When I hear Aaron Copeland's Fanfare for the Common Man, I think of people like Ron who came from good and hearty Midwestern stock. His childhood was rough with the loss of his mother when he was nine; and later as a teenager, he found himself cast out and homeless. The Air Force saved him and later sent him to UCLA where he received a degree in accounting. Ron remarked that his real life began when he joined the Sierra Club. Known as Ron Ron, he had a penchant for being mischievous and puffed out his cheeks (to our great annoyance) when he'd see us girls eating desserts or second helpings at the lavish DPS potlucks. It was a climb on Cloud's Rest where Ron sat on the summit puffing out his cheeks anytime a hefty round figured person came over the top. He wasn't being mean, but it was one of his jokes to get a rise out of the rest of us. If anyone used an unusually big vocabulary word or a phrase in French or Spanish, he'd quip, And if you do, you'll clean it up. Whenever departing a climb, a dinner, or a hike, his signature line was, And don't forget to write.

There are several stories about good ole Ron Ron, but Edna Erspamer captured his one act of heroism in saving Edna and Renee Spargur after a harrowing, freezing and sleety day on Mt. Goddard (in the High Sierra.) The three returned to a wet tent and equally wet sleeping bags, where Renee was definitely in the first stages of hypothermia. Ron managed to get himself and the girls wrapped into the driest sleeping bag, and they cuddled all night thus saving Renee's life. During Ron's last two months of his terminal illness, his one bright and shining moment was seeing that story in print, on p. 69, in Edna's tell-all book, Getting High In the Mountains. Ron was proud of many things that a poor boy from Beaver Falls, Pa., had accomplished, but they were minor compared to being known as a climber, a peak bagger, and a mountaineer. Eivor Nilsson led several peaks with Ron and acknowledged that he was an excellent route finder and dependable in bringing people to the summits and back to their cars, safe and sound.

Sad to say, his ashes won't be scattered on his favorite peak, Mt. Baldy, but maybe we'll take his floppy hat and old lug soled boots up there for one last hike.
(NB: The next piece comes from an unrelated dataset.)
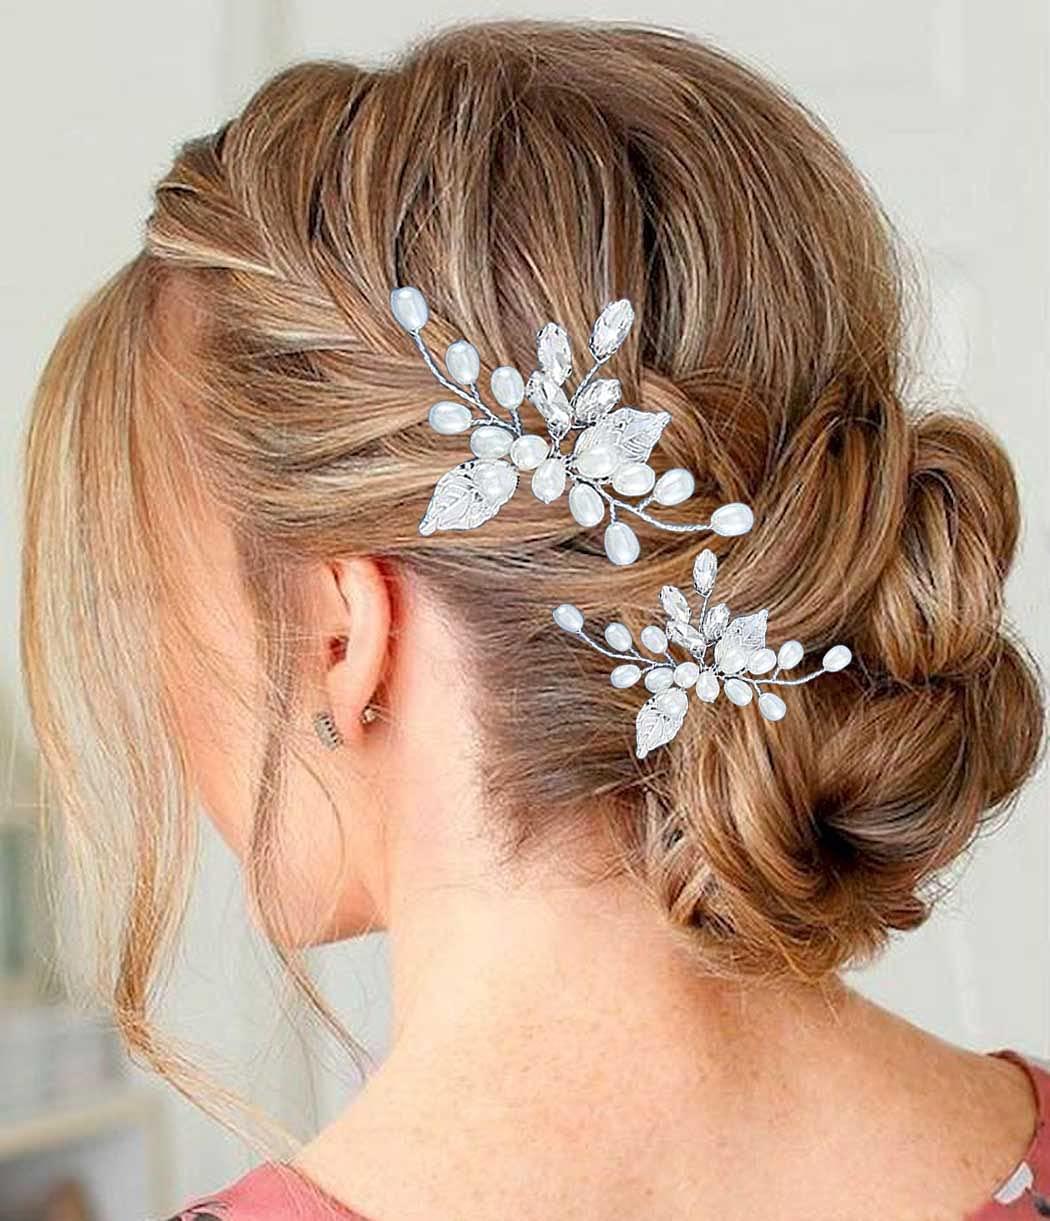 YBSHIN Genuine New item Bride Wedding Silver Hair Pins Rhinest Crystal Clips

He'll be interred back in the family cemetery in Beaver Falls, where good folks will visit him often. Ron returned to his high school reunion, year after year, looking eternally young but more proud of the fact that he was a California mountaineer and had climbed some of the big ones. I hope his family will inscribe on his tombstone, Ronald Young, Going to the Mountains Is Going Home. He'd like that, and John Muir would have surely enjoyed knowing a good man like Ron who loved the mountains and his mountain family. For all who knew Ron, A funny, nice, unpretentious guy is a joy, forever.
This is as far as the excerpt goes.